The ideal value for ANE is 0, where each sample of CC represents itself and others exactly like it. It is useful to evaluate CCs where the objective is a homogeneous representation of the diversity in the MC. In addition, ENE and E are used to evaluate the data dispersion for the CC, where higher values indicate the better representation of extreme values.

Evaluation criteria based on statistical parameter comparisons between the CC and the MC are used mainly to determine whether the CC adequately represents the identity of the MC as well as its distribution. Widely used evaluation parameters that meet these criteria were applied as follows.

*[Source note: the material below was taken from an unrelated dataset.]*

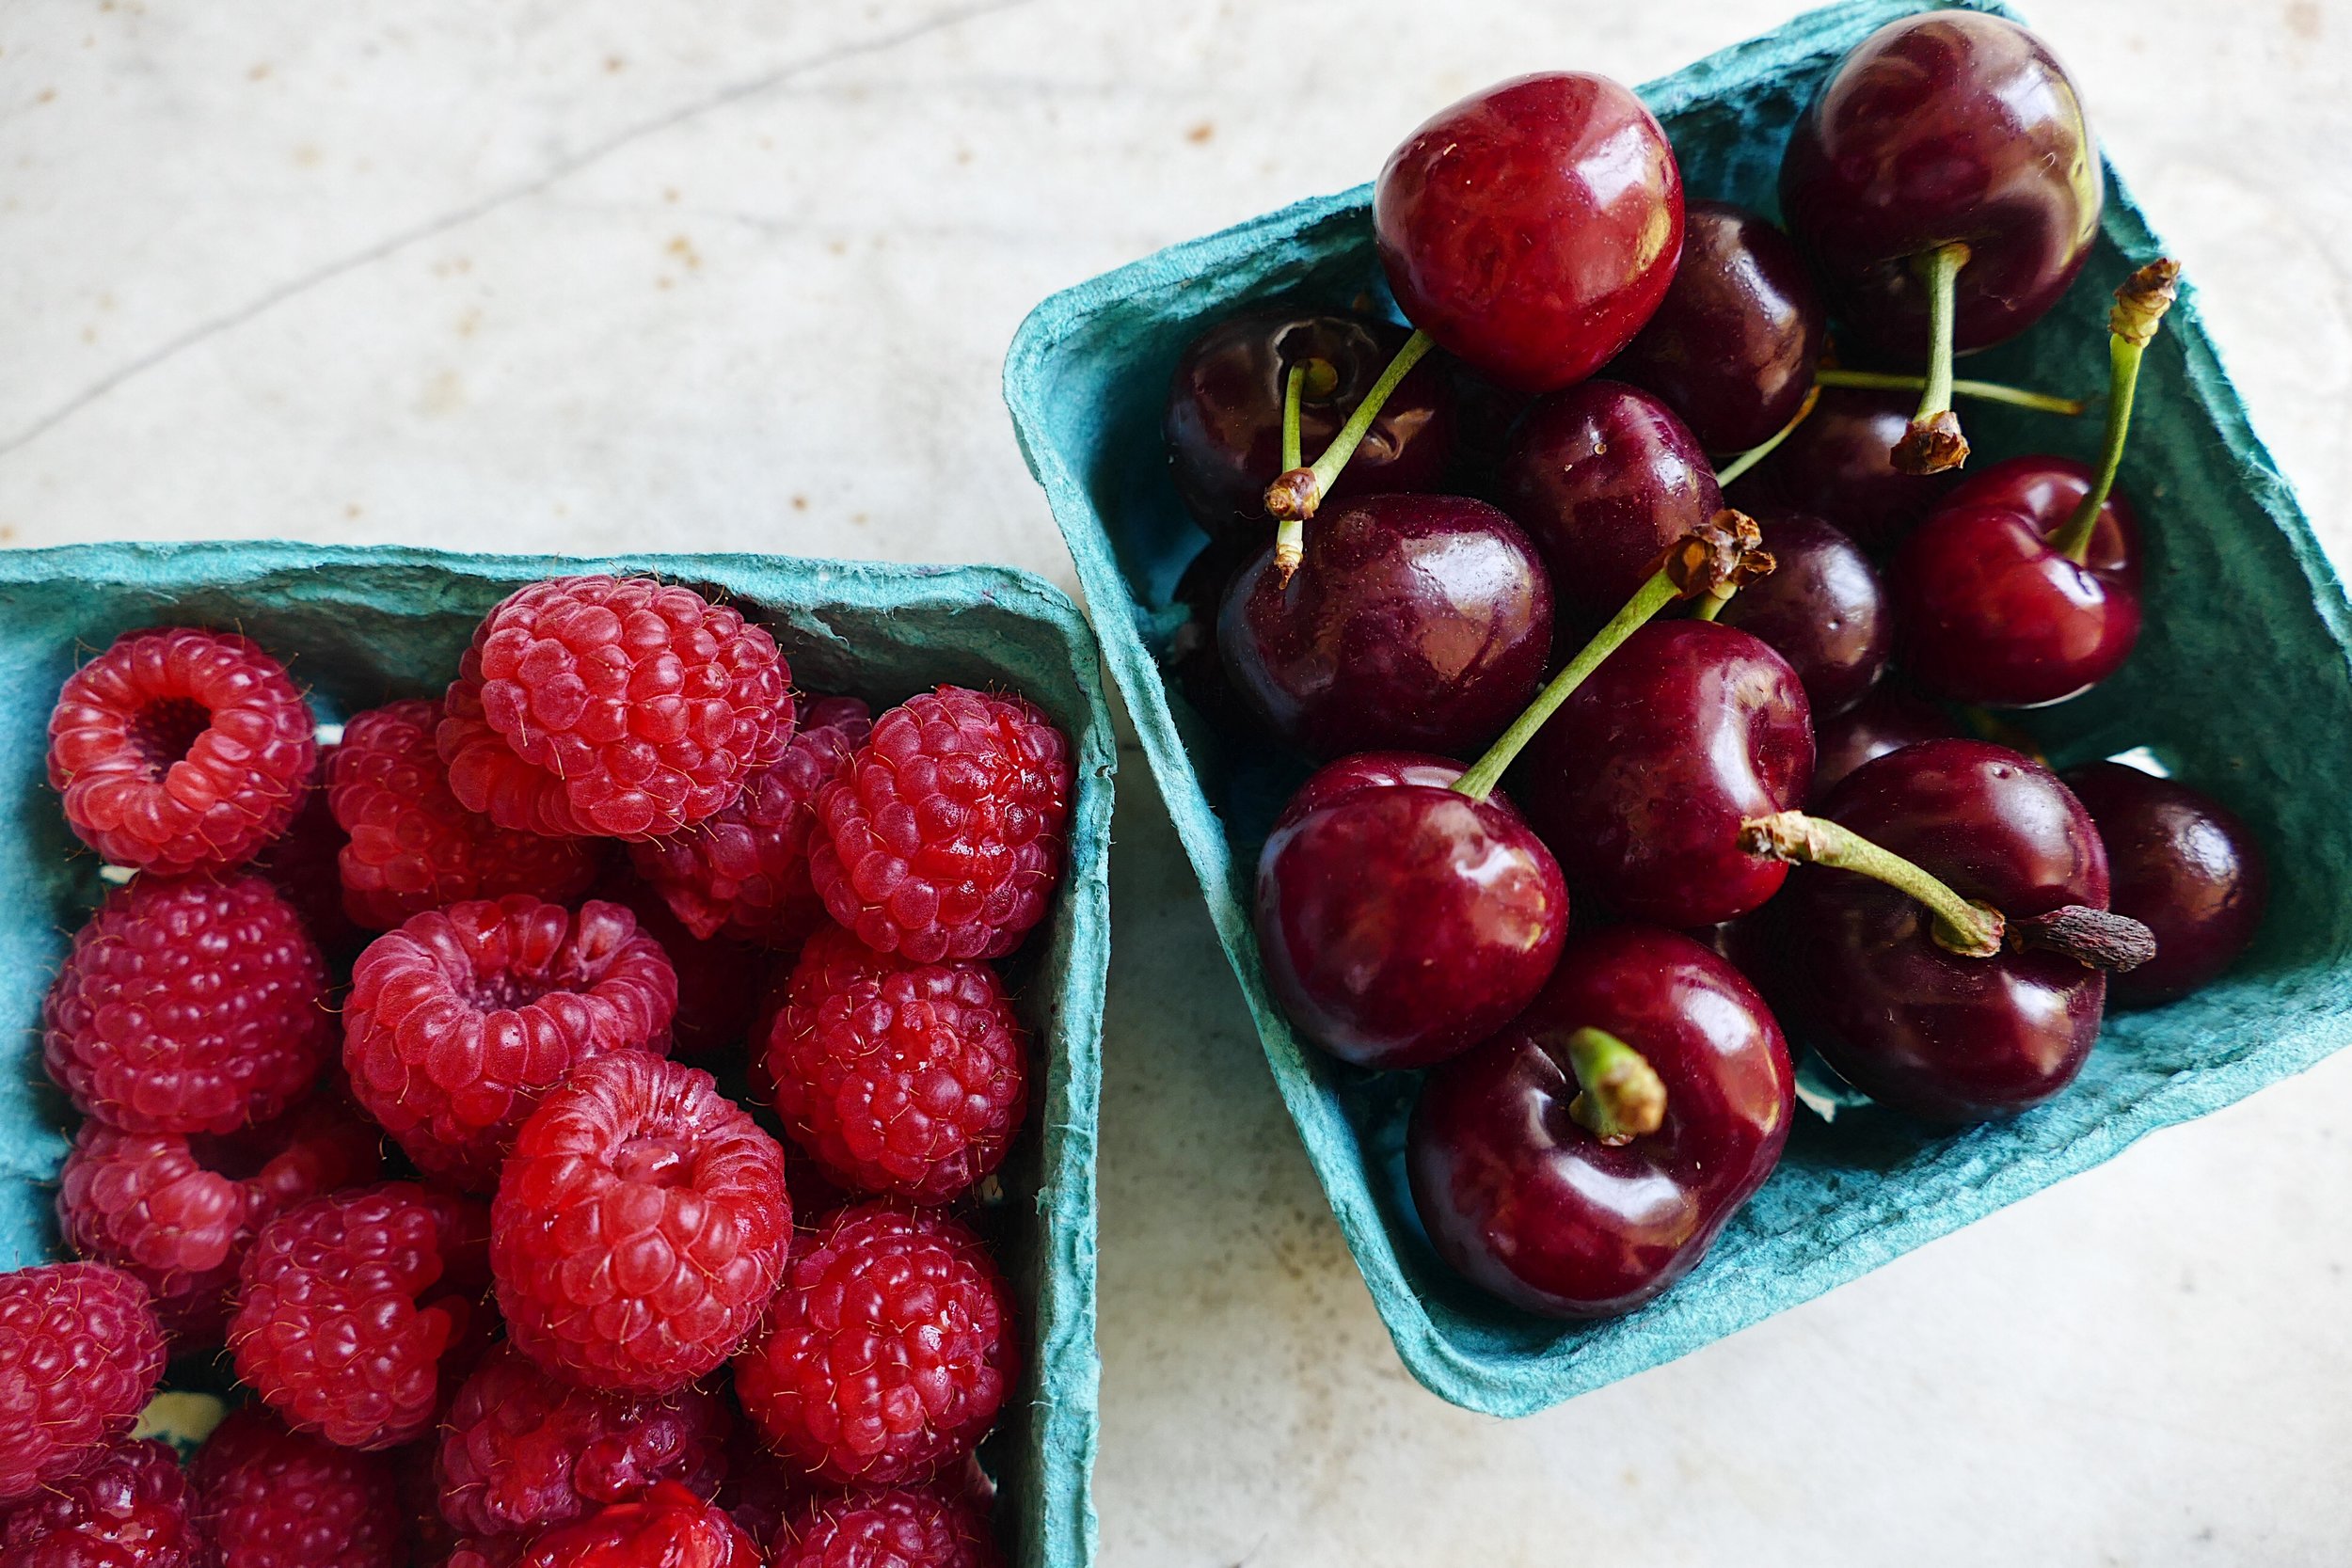 Baskets of Raspberries and Cherries

A homogeneity test was performed on each trait for CC and MC based on the means and variances. For each comparison, a global value was represented as the percentage of traits that were statistically different (*α*=0.05) according to a *t*−*t*
*e*
*s*
*t* for means (MD) and the *F*−*t*
*e*
*s*
*t* for variances (VD) [8].

The coincidence rate (CR) and variable rate (VR) were used to evaluate the properties of the CCs in terms of the MC, which are defined by:

$$ CR=\frac{1}{M}\sum\limits^{M}_{m=1}\frac{R_{CC}}{R_{MC}}*100 $$

((4))

and

$$ VR=\frac{1}{M}\sum\limits^{M}_{m=1}\frac{CV_{CC}}{CV_{MC}}*100, $$

((5))

respectively, where *R* is the range and *CV* is the coefficient of variation for each *m* trait in the CC and MC, and *M* is the number of traits. According to ([9]), a valid CC has *C*
*R*>80 and *M*
*D*<20, which are the limits for the ideal representation of the MC identity and distribution. The coverage of alleles (CA) in a CC measures the percentage of alleles from the MC that are present in the CC, which is given by:

$$ CA=\left[|1-(|1-ACC|/AMC)|\right]* \,100, $$

((6))

where ACC is the set of alleles in the CC and AMC is the set of alleles present in the MC [12].

Excluding the phylogenetic reconstruction and geographical distribution, all of the methodological procedures were performed using FREEMAT v4.2 www.freemat.sourceforge.net.

The FREEMAT codes are available in Additional file 2 (Online Resource 2).